■ Data listing ■
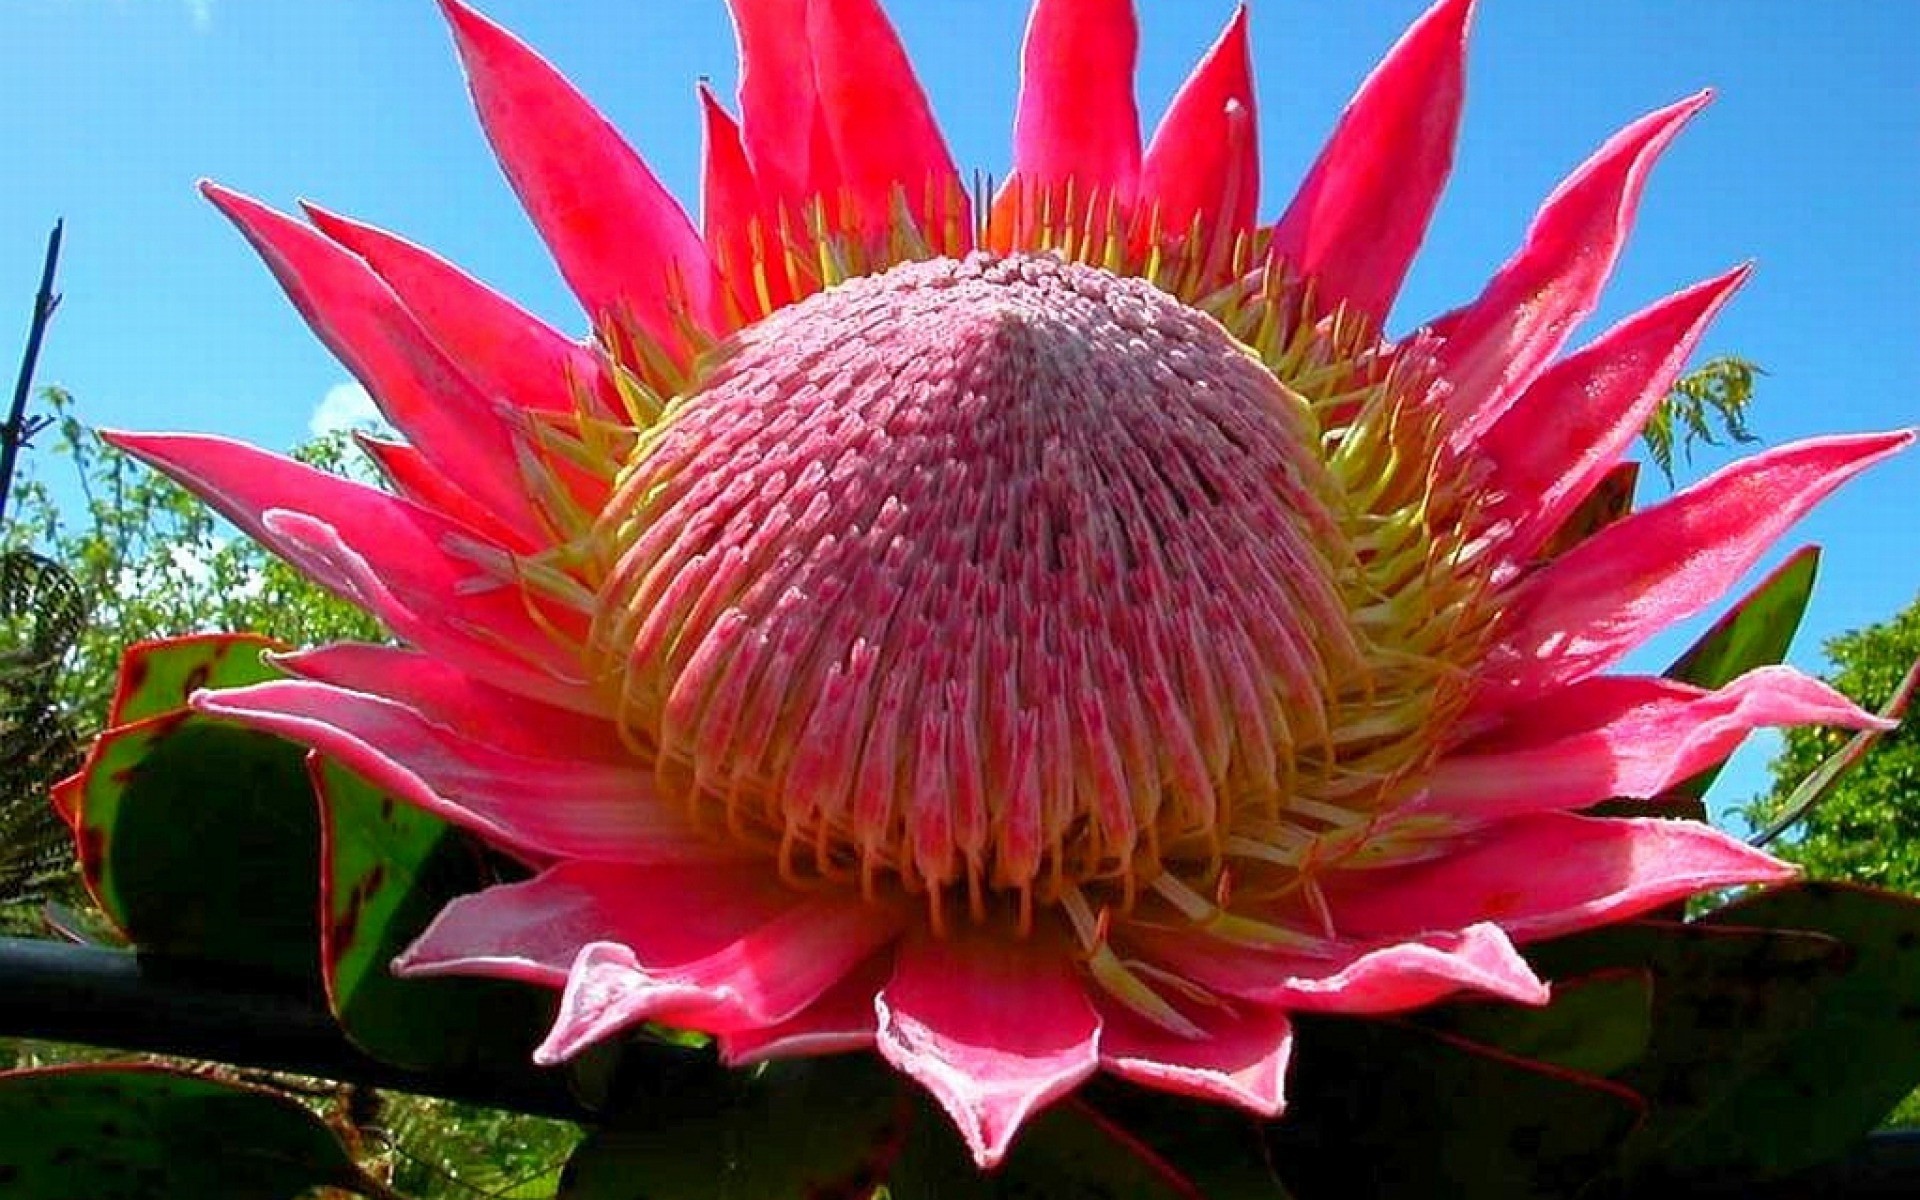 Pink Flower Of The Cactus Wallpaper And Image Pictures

---

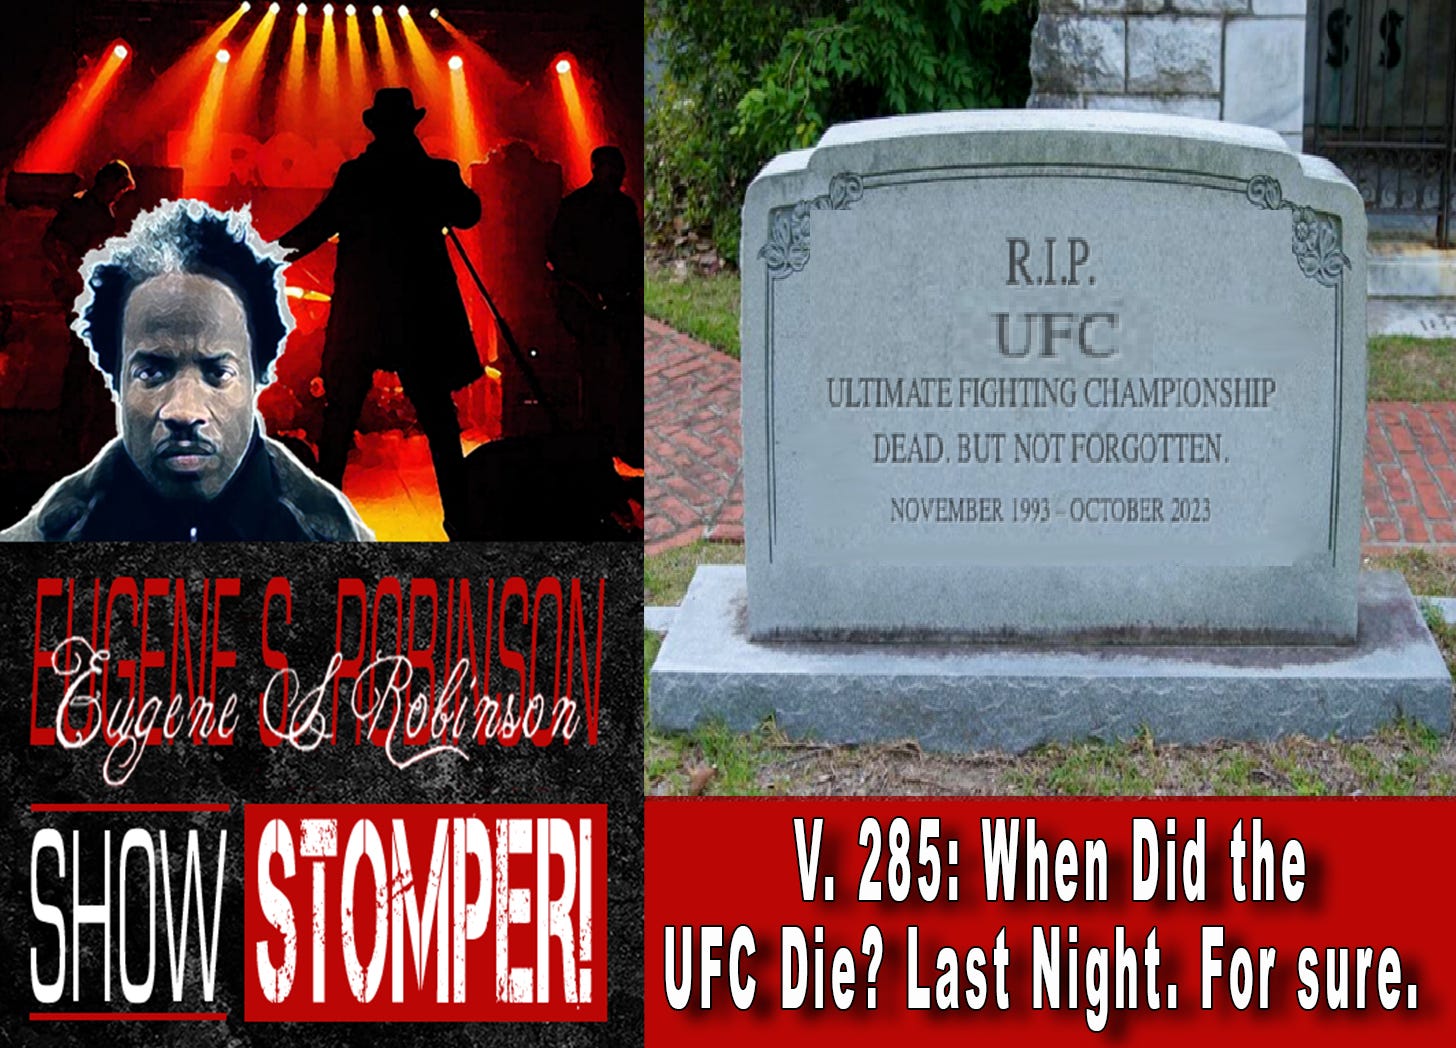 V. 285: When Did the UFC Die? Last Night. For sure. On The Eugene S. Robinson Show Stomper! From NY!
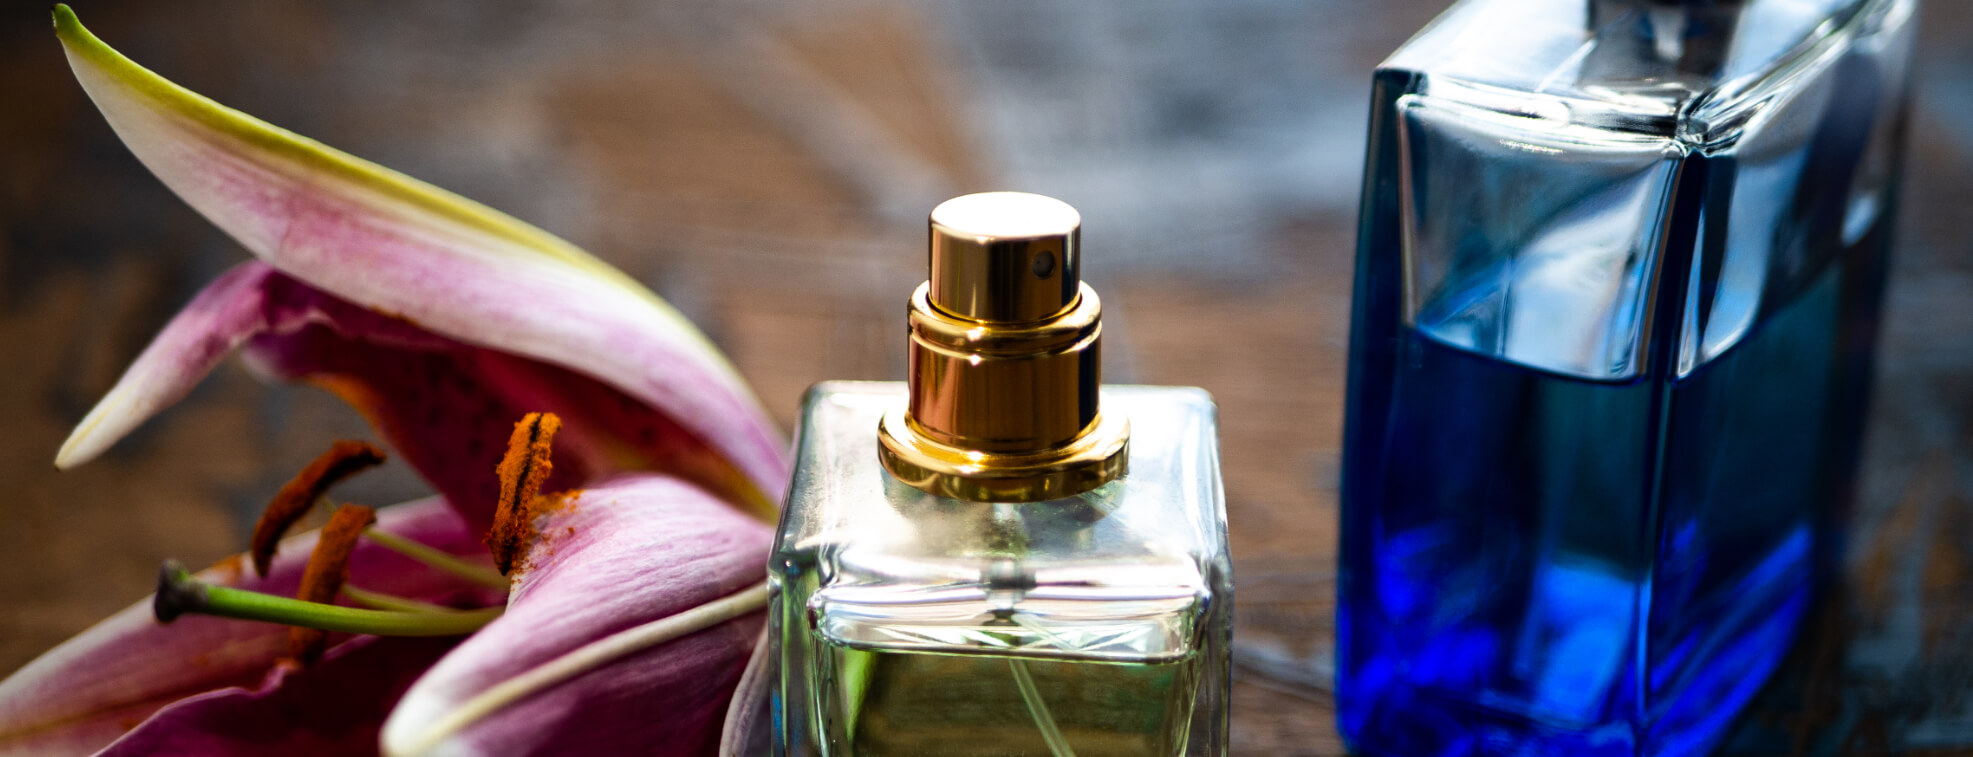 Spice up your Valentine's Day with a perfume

■ What to do ■
From the listing above, please give again the lines that begin with the line holding "V. 285: When" and go on through the line holding "Spice up your Valentine's Day with a perfume", exactly, both ends included, minus any picture.

■ Answer section ■
 V. 285: When Did the UFC Die? Last Night. For sure. On The Eugene S. Robinson Show Stomper! From NY!
 Spice up your Valentine's Day with a perfume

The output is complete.